[EM] Is autodeterrence bad? (+STAR fails hyperchicken catastrophically)

Closed Limelike Curves closed.limelike.curves at gmail.com
Thu Apr 4 18:13:58 PDT 2024


Definitely agree on rated ballots. Besides what you said, I think ratings
are probably easier to fill out than rankings. As a bonus they also open up
a lot of good ways to resolve cycles:

   - James Green-Armytage's approach lets you weight defeat strength going
   by the ratings difference between the candidates.
   - I haven't seen analysis of this, but you could try defining pairwise
   margins as the median difference in ratings X - Y (which is
   positive/negative when most voters prefer X/Y).
   - Smith//Score is easier to explain than most resolution methods and a
   top-tier resolution mechanism.
   - Landau//Quadratic voting—QV is generally a bad system for
   single-winner elections, but it might work well if you pair it with the
   Landau set because QV is honest in zero-info settings. If all candidates in
   the Landau set are close to tied, QV gives honest voting.
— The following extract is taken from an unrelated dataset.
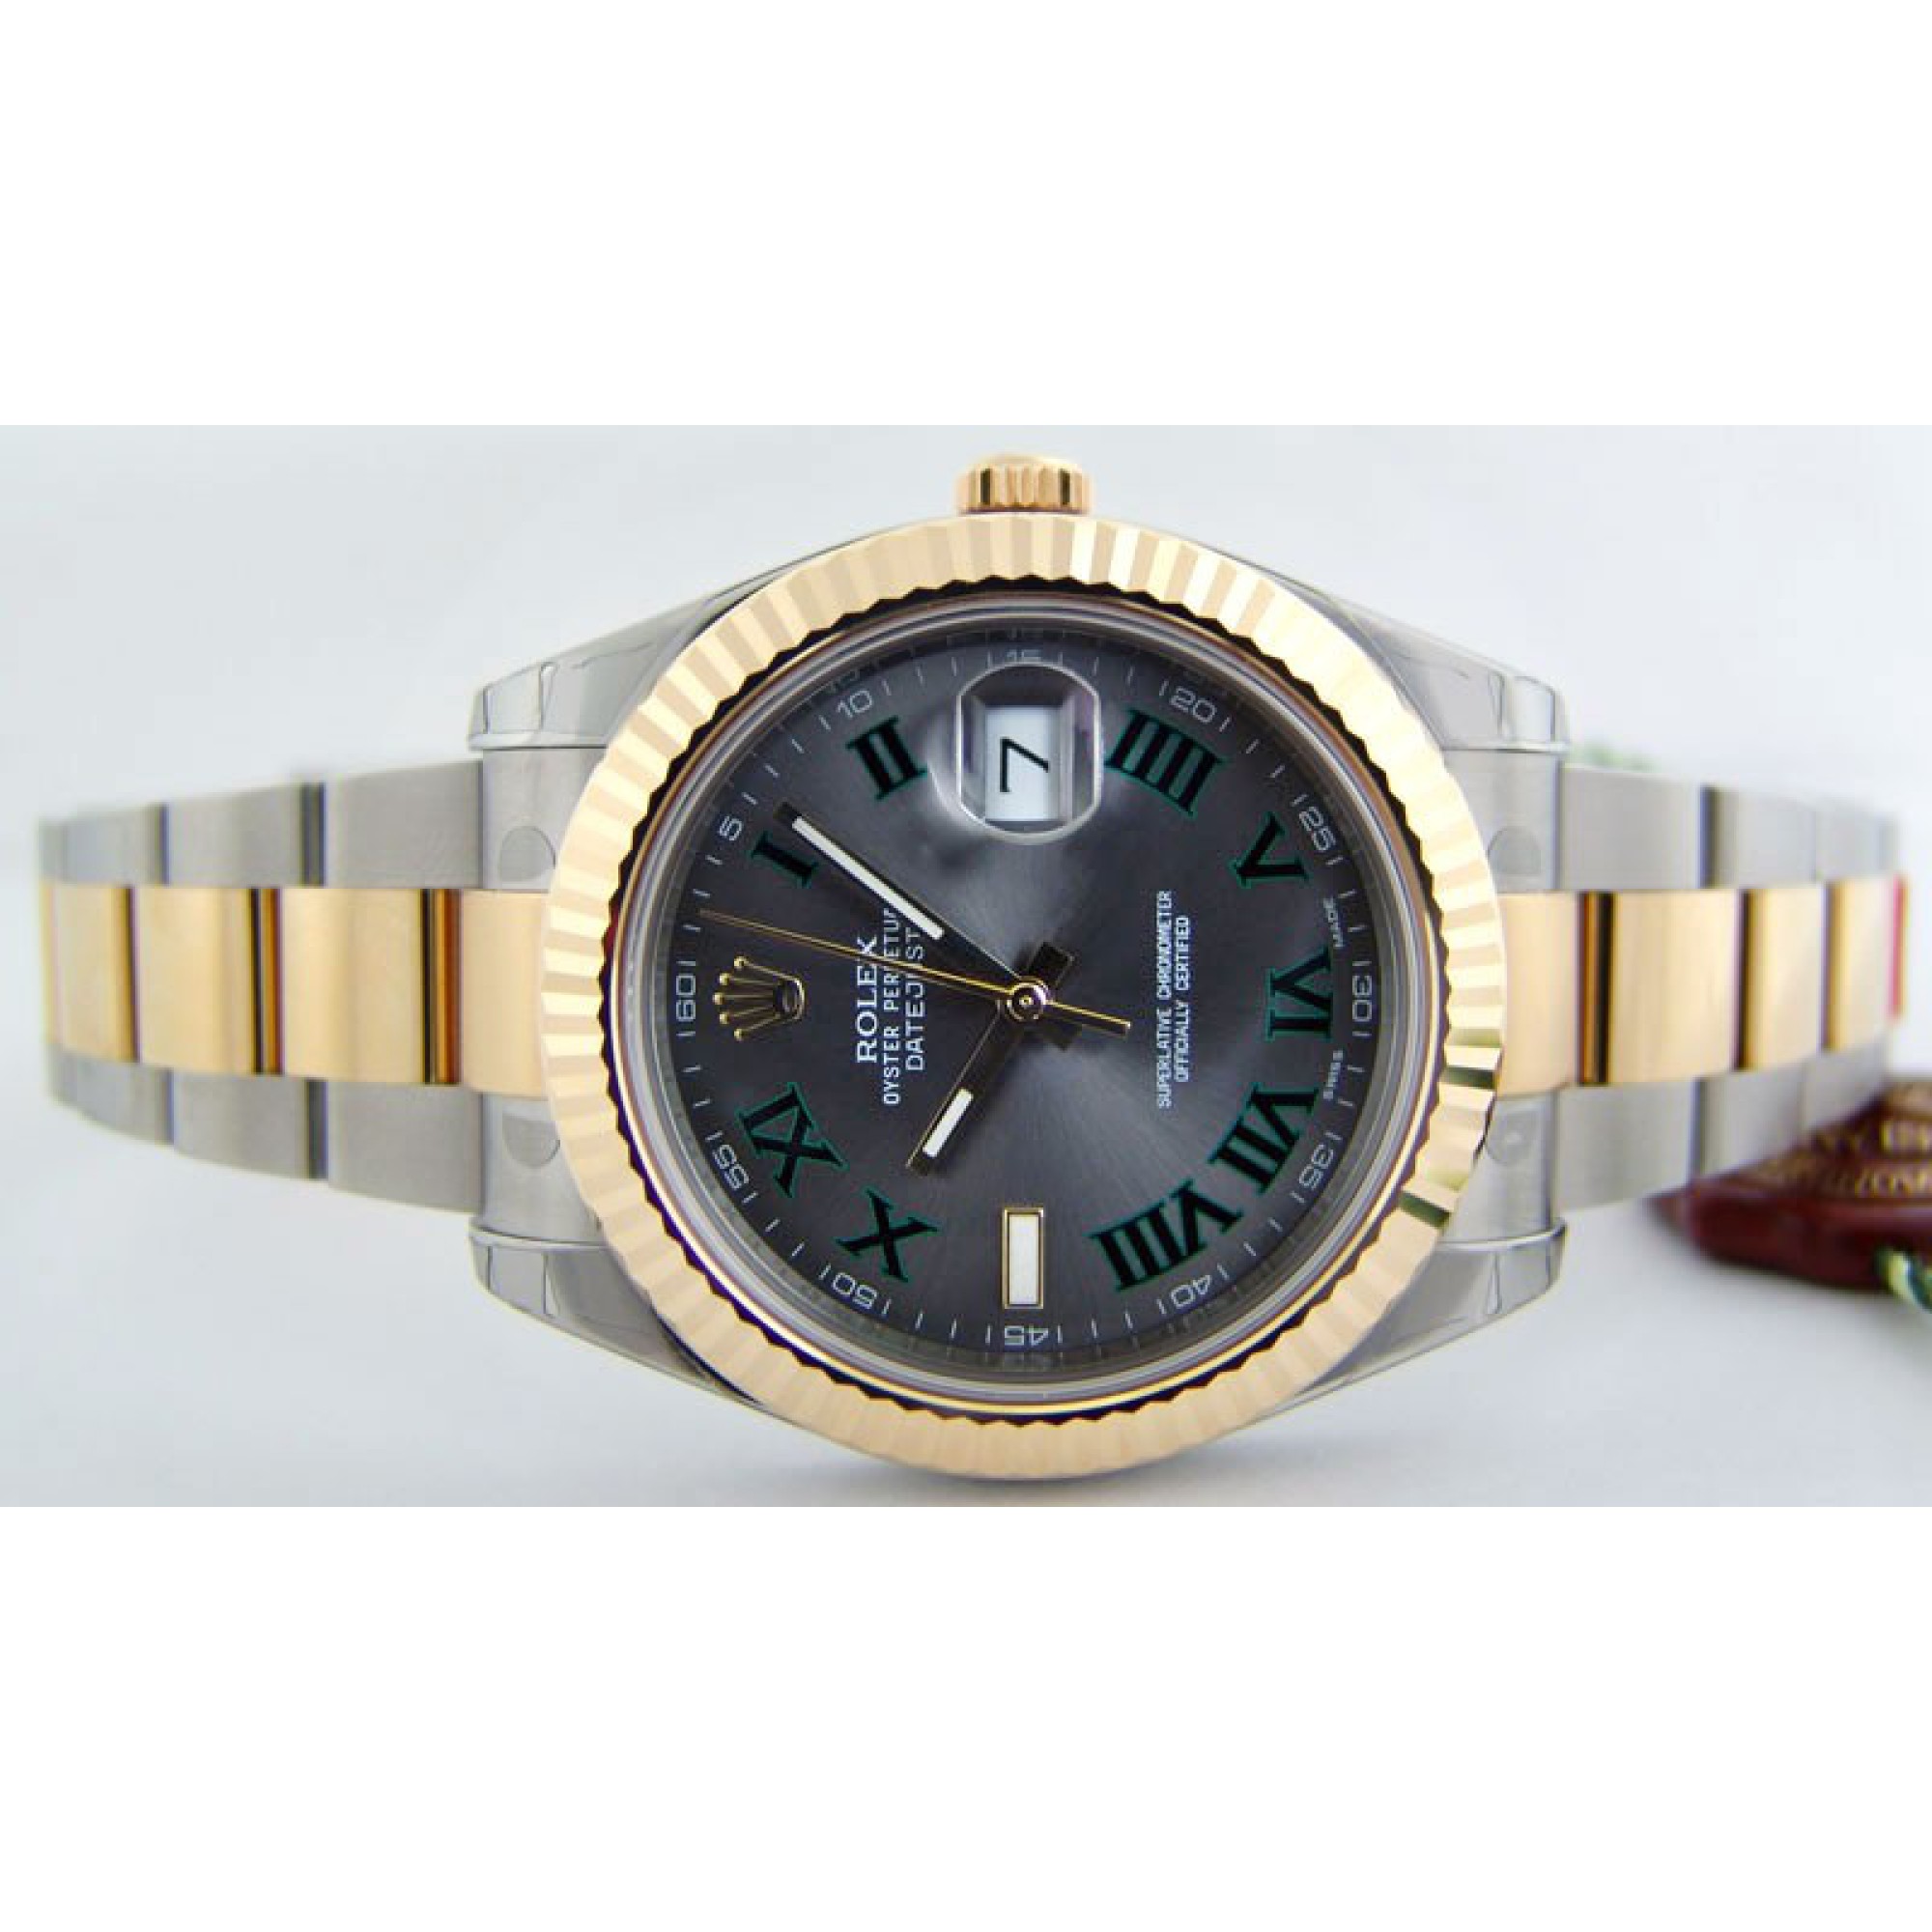 Rolex - Datejust II 41mm - Steel and Yellow Gold - Fluted Bezel (11633 –  Watch Brands Direct - Luxury Watches at the Largest Discounts

On Thu, Apr 4, 2024 at 8:38 AM Toby Pereira <tdp201b at yahoo.co.uk> wrote:

> I think one problem of burial-resistant methods is that they assume the
> electorate are aware of the consequences of it and will act accordingly. I
> think it might be a bit optimistic to expect the average voter to behave
> any differently using any method that uses a specific ballot type. Using a
> ranked ballot, if A and B are the frontrunning candidates, then supporters
> of A might rank B bottom because it's the obvious thing to do (which has
> been pointed out on here before I believe). Do you think the adoption of a
> specific Condorcet method will prevent that? I'm not convinced.
>
> Also, if there are two frontrunning candidates, A and B, it's quite likely
> anyway that supporters of A will see B as the worst candidate anyway, below
> the ones they know very little about. So it wouldn't really even be an act
> of burial, and therefore honest voting behaviour could cause a non-entity
> to win, because this is what burial-resistant methods do.
>
> I've said this before, but possibly the best solution for a Condorcet
> method would to be to use rated ballots. In this case B is less likely to
> be buried by the A supporters, because they would be likely to score the
> non-entity candidates 0 as well.
>
> Toby
>
> On Wednesday, 3 April 2024 at 19:09:50 BST, Closed Limelike Curves <
> closed.limelike.curves at gmail.com> wrote:
>
>
> I think the EM mailing list made a wrong turn a while back in
> misunderstanding "autodeterrence" as a positive attribute of a voting
> system, which discourages burial. I'd like to put forth an argument (which
> I'm still somewhat hesitant about) that it's a very *bad* property. Given
> the chance, political machines are likely to reach out and grab this third
> rail as hard as they can, even if it's terrible for their constituents,
> because it maximizes their chances of election.
>
> Start with a 2.5-candidate race between Gore, Bush, and a Nazi (who has a
> small, but slightly above zero, level of support). Gore doesn't know
> whether he or Bush is more popular in a runoff, but he's certain he and
> Bush will make it to the runoff with honest voting. However, he realizes he
> can use the Nazi as a bludgeon to increase his chances of winning. He tells
> his supporters to cast votes as follows:
> Gore – 5/5
> Bush – 0/5
> Nazi – 4/5
>
> Gore's hope is that the Nazi is polarizing enough to defeat Bush for
> second place with Gore's support (at which point he's a weak candidate in
> the runoff). Risky? Yes. But it's still plausibly strategic if you think
> Bush will back down.
>
> But if Bush's faction thinks the same thing, the Nazi ends up winning.
>
> STAR punishes burial by blowing up the country, creating an extremely
> high-stakes game of chicken (hyperchicken?). This game has a mixed Nash
> equilibrium that involves blowing up the country with some small (but
> positive) probability. The issue isn't that burial is incentivized; it's
> that it *can* work, but when it fails, it's so strongly *dis*incentivized
> that it can be catastrophic.
>
> This can be especially bad since incentives are even stronger for
> candidates and campaigns. Campaigns coordinate strategy; voters take cues
> from campaigns and political elites (which is why the two major-party
> nominees are always the top-2 winners).
>
> The strategy above would be bad for society, and ambiguous for individual
> voters (it could elect either Gore or a Nazi). On the other hand, *great* for
> Gore's probability of winning, if Gore
>
> Empirically, this kind of turkey-raising happens all the time. Adam Schiff
> spent millions trying to boost the Republican in California over Katie
> Porter. The DNC keeps intervening in Republican primaries to help nominate
> extremists. They keep doing this because they think it's good for their own
> personal chances of winning the election, not because they think it's good
> for the country overall. And generally, they're right—even though it risks
> electing Nazis, it probably helps Democrats win a few more seats.